This project implements a full supervised machine learning pipeline to classify instances in the Trojan Horse dataset.
The notebook walks through data preparation, model training, evaluation, and visualization using multiple ML algorithms.
The goal is to compare classifier performance and understand which input features drive accurate predictions.
This repository demonstrates a complete end-to-end ML workflow that includes:
- Data cleaning and preprocessing
- Handling categorical & numerical features
- Training and evaluating several classification algorithms
- Generating confusion matrices and performance comparisons
- Visualizing model behavior
- Interpreting feature importance (tree-based models)

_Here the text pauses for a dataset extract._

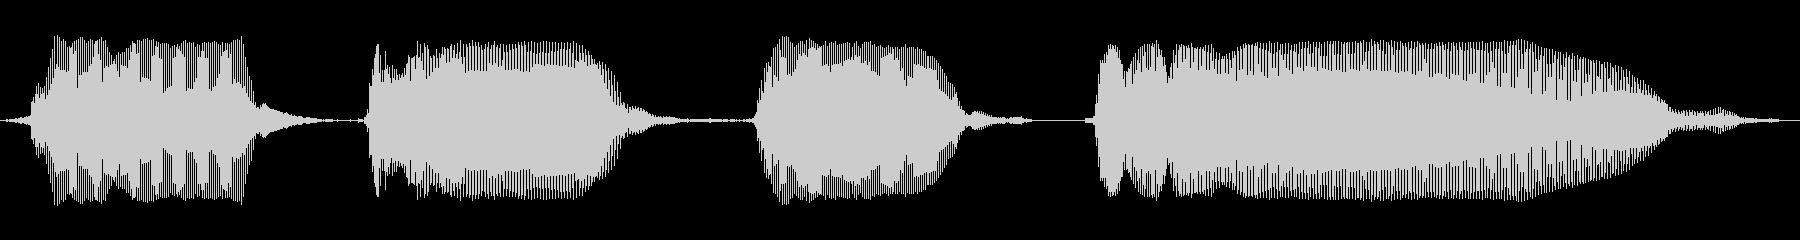 ぴんぽんぴんぽんの未再生の波形
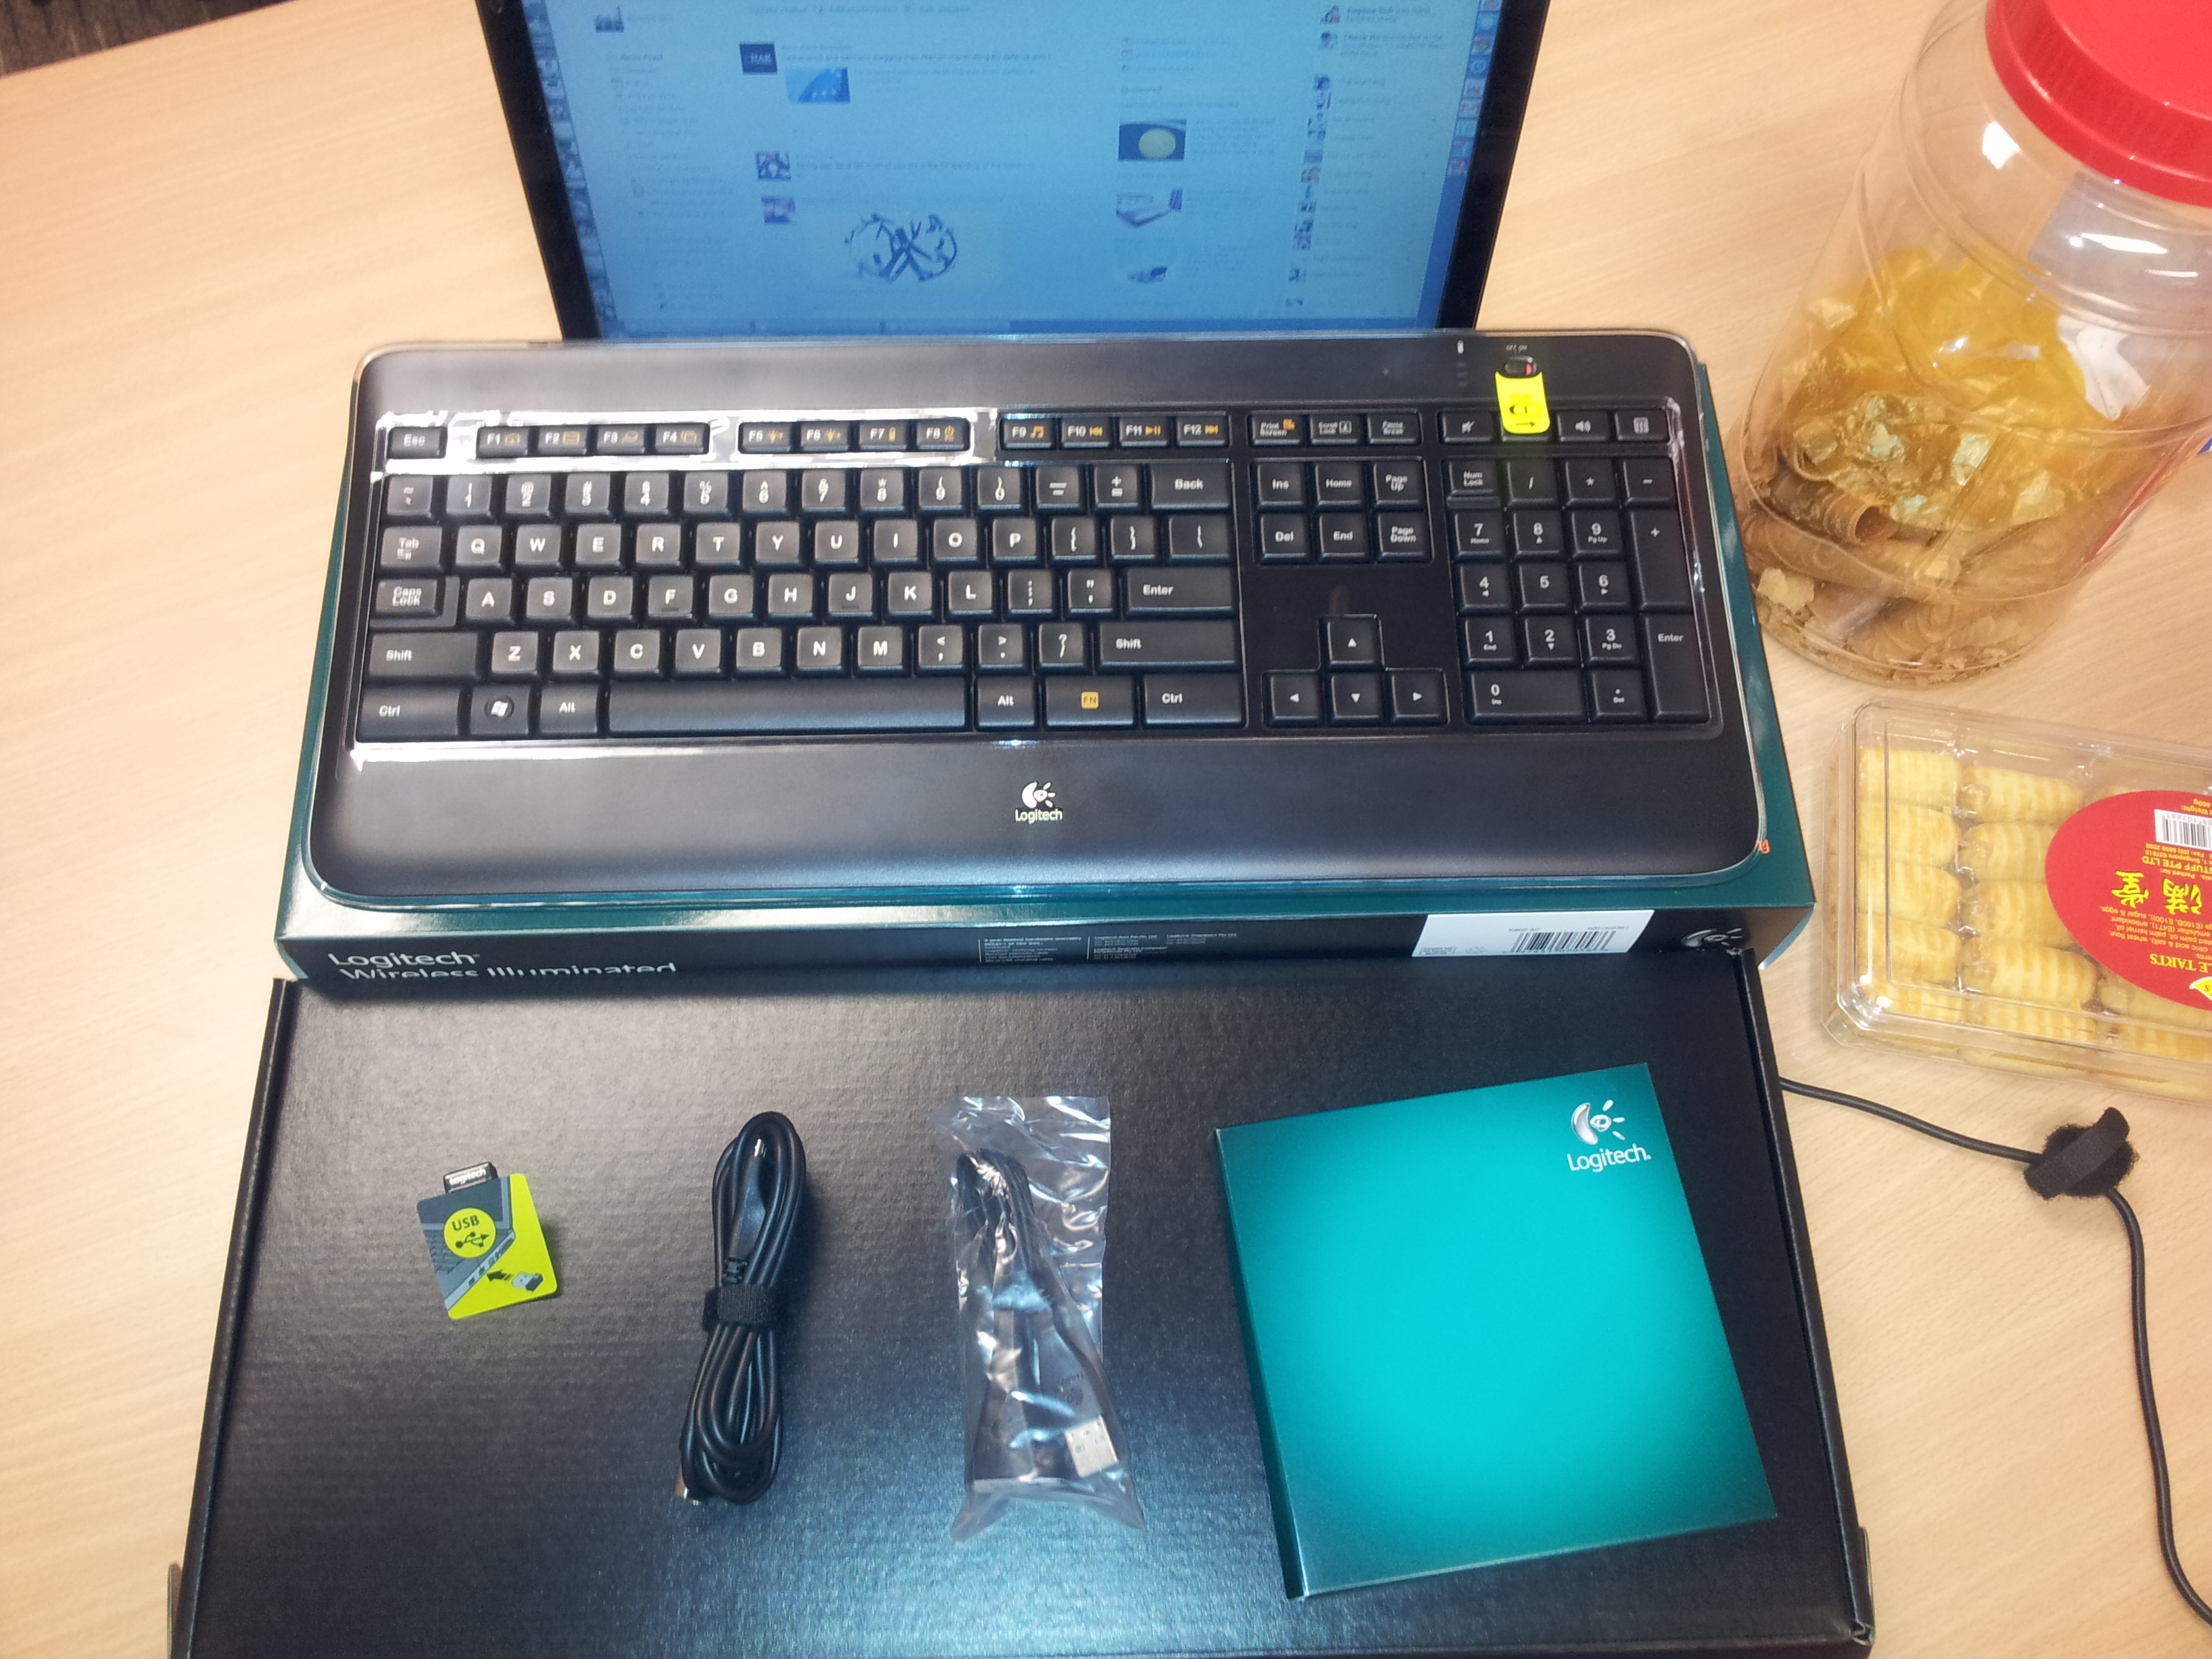 [Product Review] Logitech® Wireless Illuminated Keyboard K800

This project is designed to show practical ML engineering skills using real datasets and reproducible workflows.
- Import Trojan Horse dataset
- Handle missing values
- Encode categorical features (One-Hot / Label Encoding)
- Normalize numerical input features (StandardScaler / MinMaxScaler)
- Hold-out split for unbiased model evaluation
- Ensures reproducibility with random states
The following models are implemented and benchmarked:
- Logistic Regression
- Decision Tree
- Random Forest
- k-Nearest Neighbors (k-NN)
- Support Vector Machine (SVM)
- Naïve Bayes
- Gradient Boosting / XGBoost
- Simple Ensemble / Voting Classifier
This allows comparison between linear, tree-based, distance-based, probabilistic, and boosting-based methods.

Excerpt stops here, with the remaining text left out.